The Brevard County Sheriff’s Office Agent is calling the legislation a tool in fighting against cyber bullying after repeatedly receiving reports of nude photos scandals from all ages and sexes.

“We’ve had students come forward, college students, that have found out that there were images of them posted online, and one of them in particular wanted to apply for a job as a teacher but is afraid to because of these postings in fear that someone may do an Internet search of her name and find these images, and she does not want that to affect her career,” said Ogden.

If passed, the bill, now titled “Computer of Electronic Device Harassment,” will require up to five years behind bars for anyone who is convicted, making it a third-degree felony.

Some are applauding the bill's intentions, including the co-founder of the non-profit organization, Without My Consent Erica Johnstone. Johnstone claims that although the bill would make a profound dent in the issue, the bill is at risk of not passing, with no previous bills pertaining to the issue in existence.

“Even if people aren’t afraid of being sued because they have nothing to lose, they are afraid of being convicted of a crime because that shows up on their record forever,” said Johnstone.

Law Professor at the University of Miami Mary Anne Franks said although with good intentions, the bill, which makes exceptions for photos and videos taken in public, has flaws in terms of what is considered consent, calling the terms “too narrow.”

“If a woman’s skirt blows up in the wind and she is not wearing anything underneath, can an image of her be posted to an up-skirt porn site? What about mothers breast-feeding in public? Is a public bathroom public?
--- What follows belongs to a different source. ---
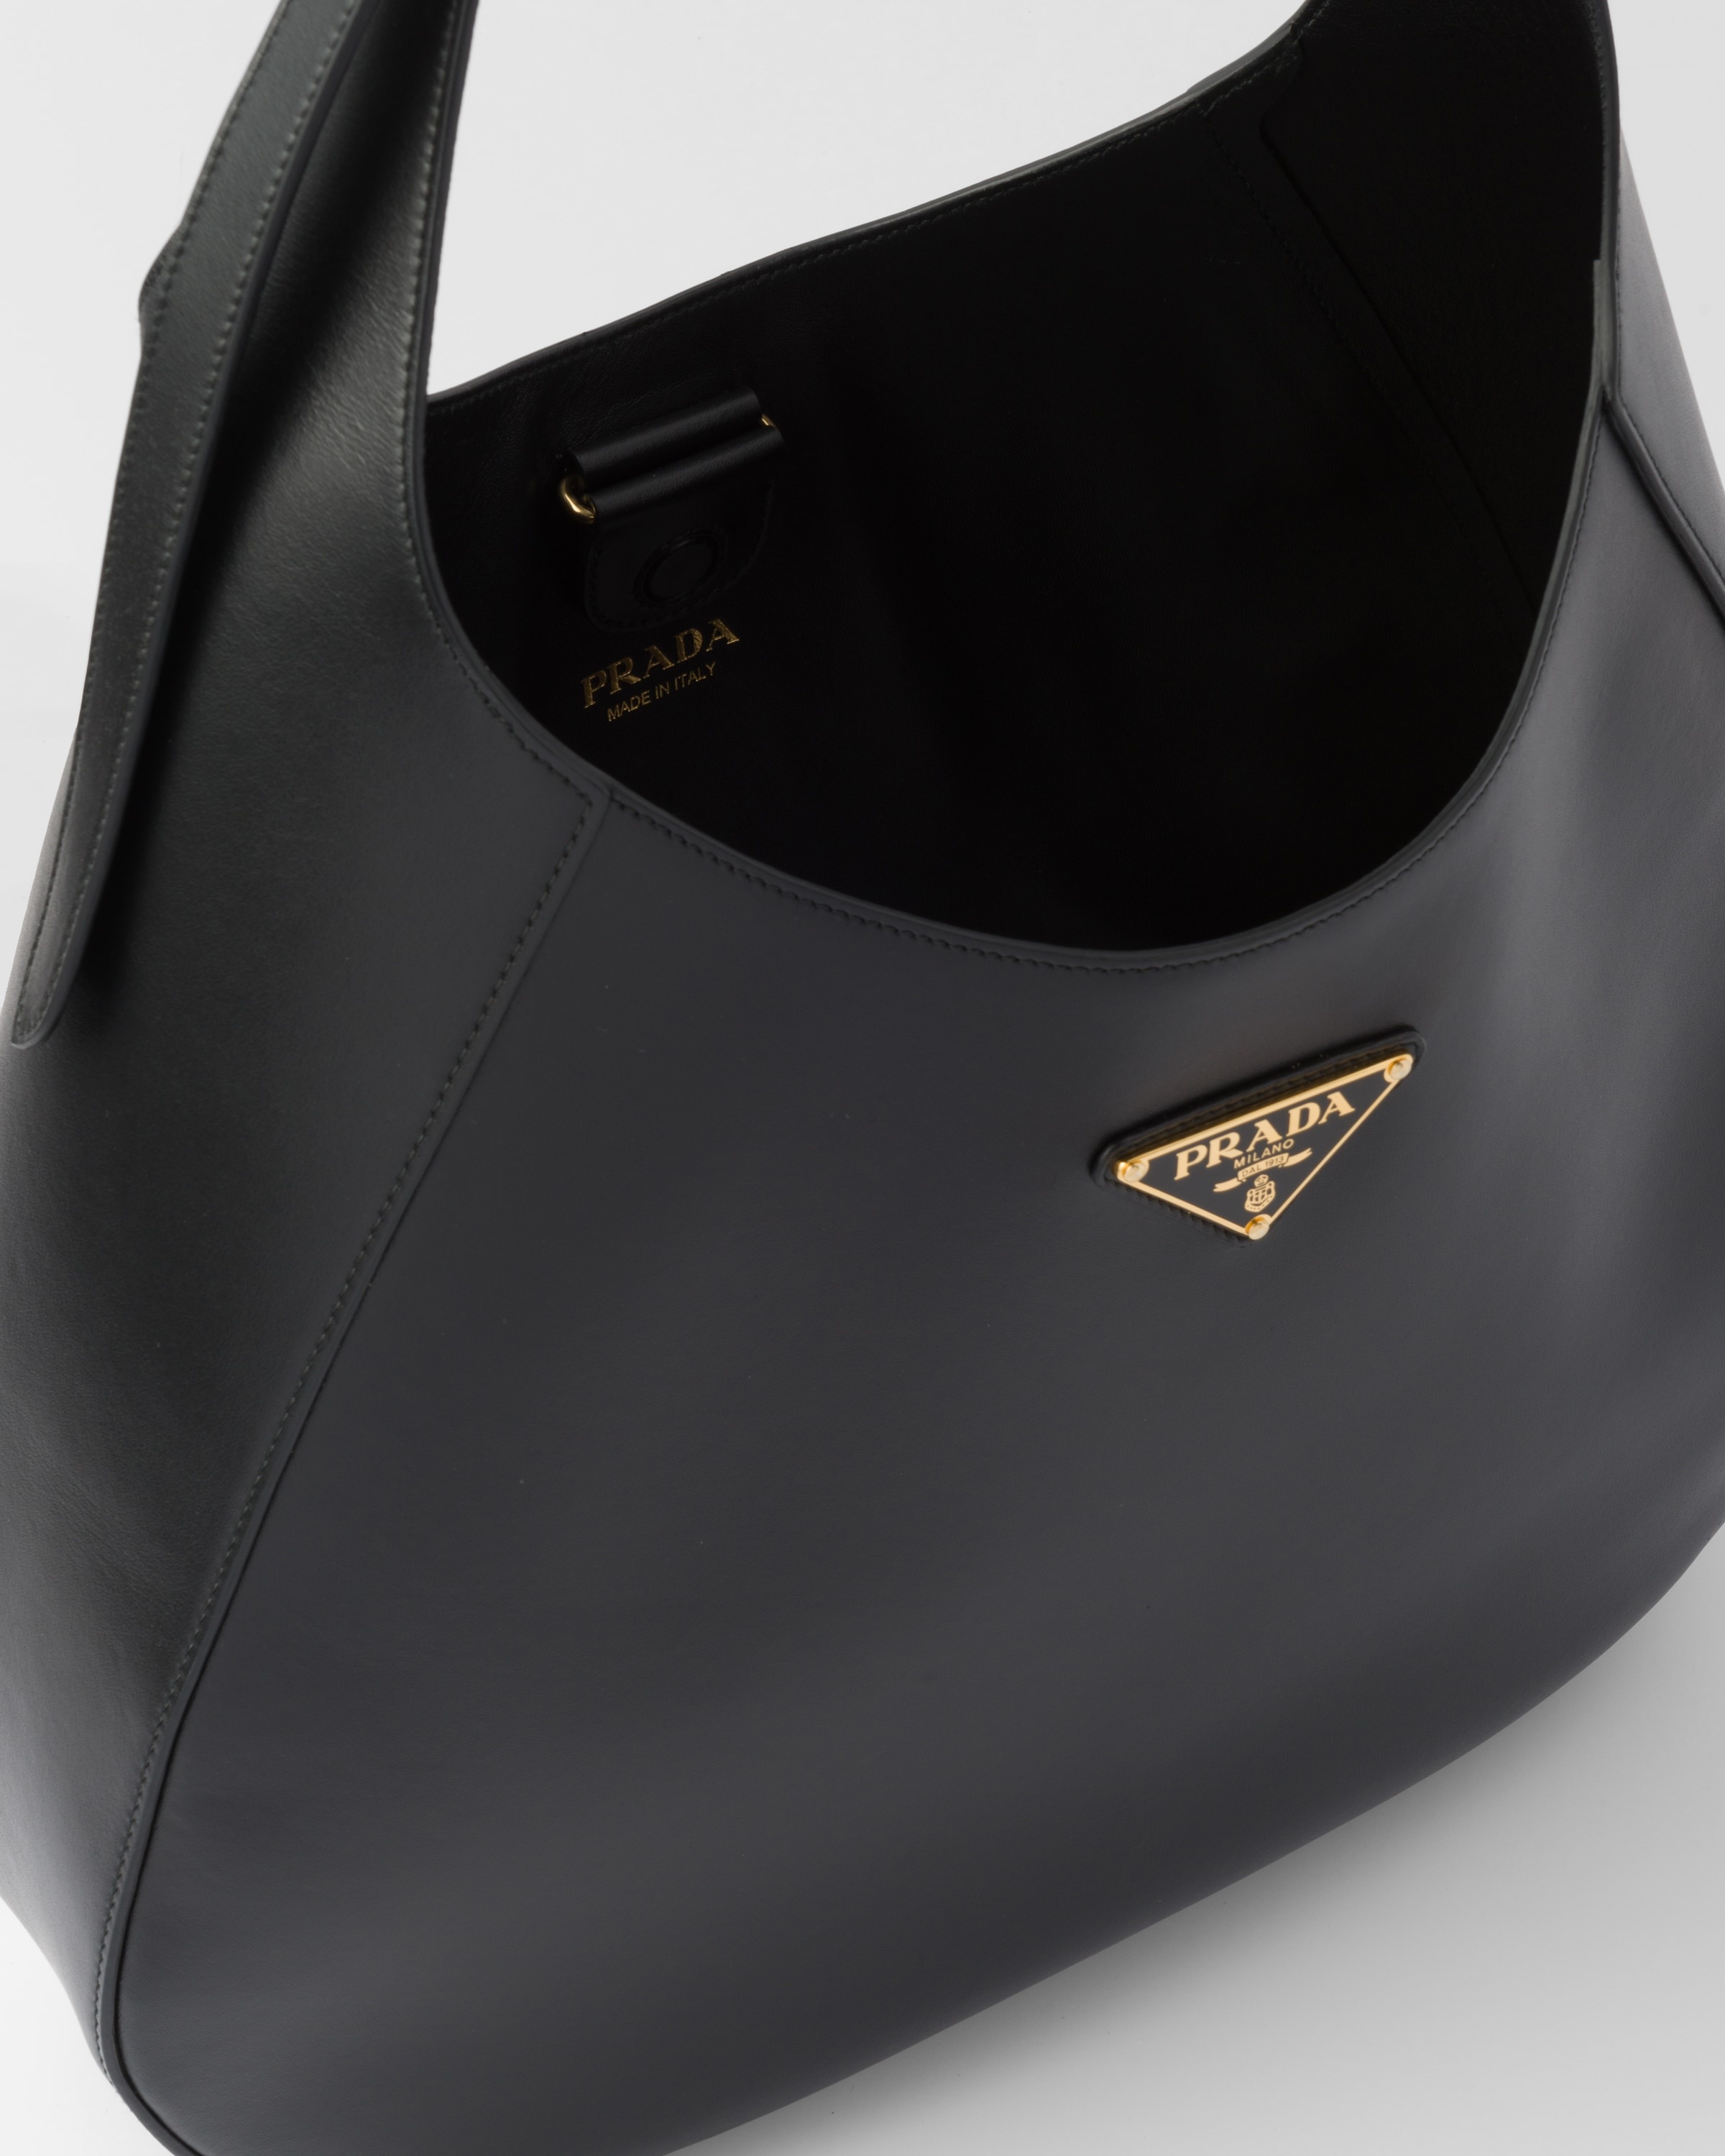 Prada Large leather shoulder bag with topstitching | REVERSIBLE

What about a changing room in a department store?” said Franks.

Others are calling the bill a controversy waiting to happen.

“Who owns the pictures?  Maybe I own them.  But maybe you give me a knife, does it mean I have the right to stab you with it,” said criminal defense attorney Hal Uhring. “There is all kinds of civil opportunities to sue for damages done.  I'm not sure it's criminalized,” he said.

The bill has already been passed by the House of Representatives Criminal Justice Committee and was first filed on Feb. 13.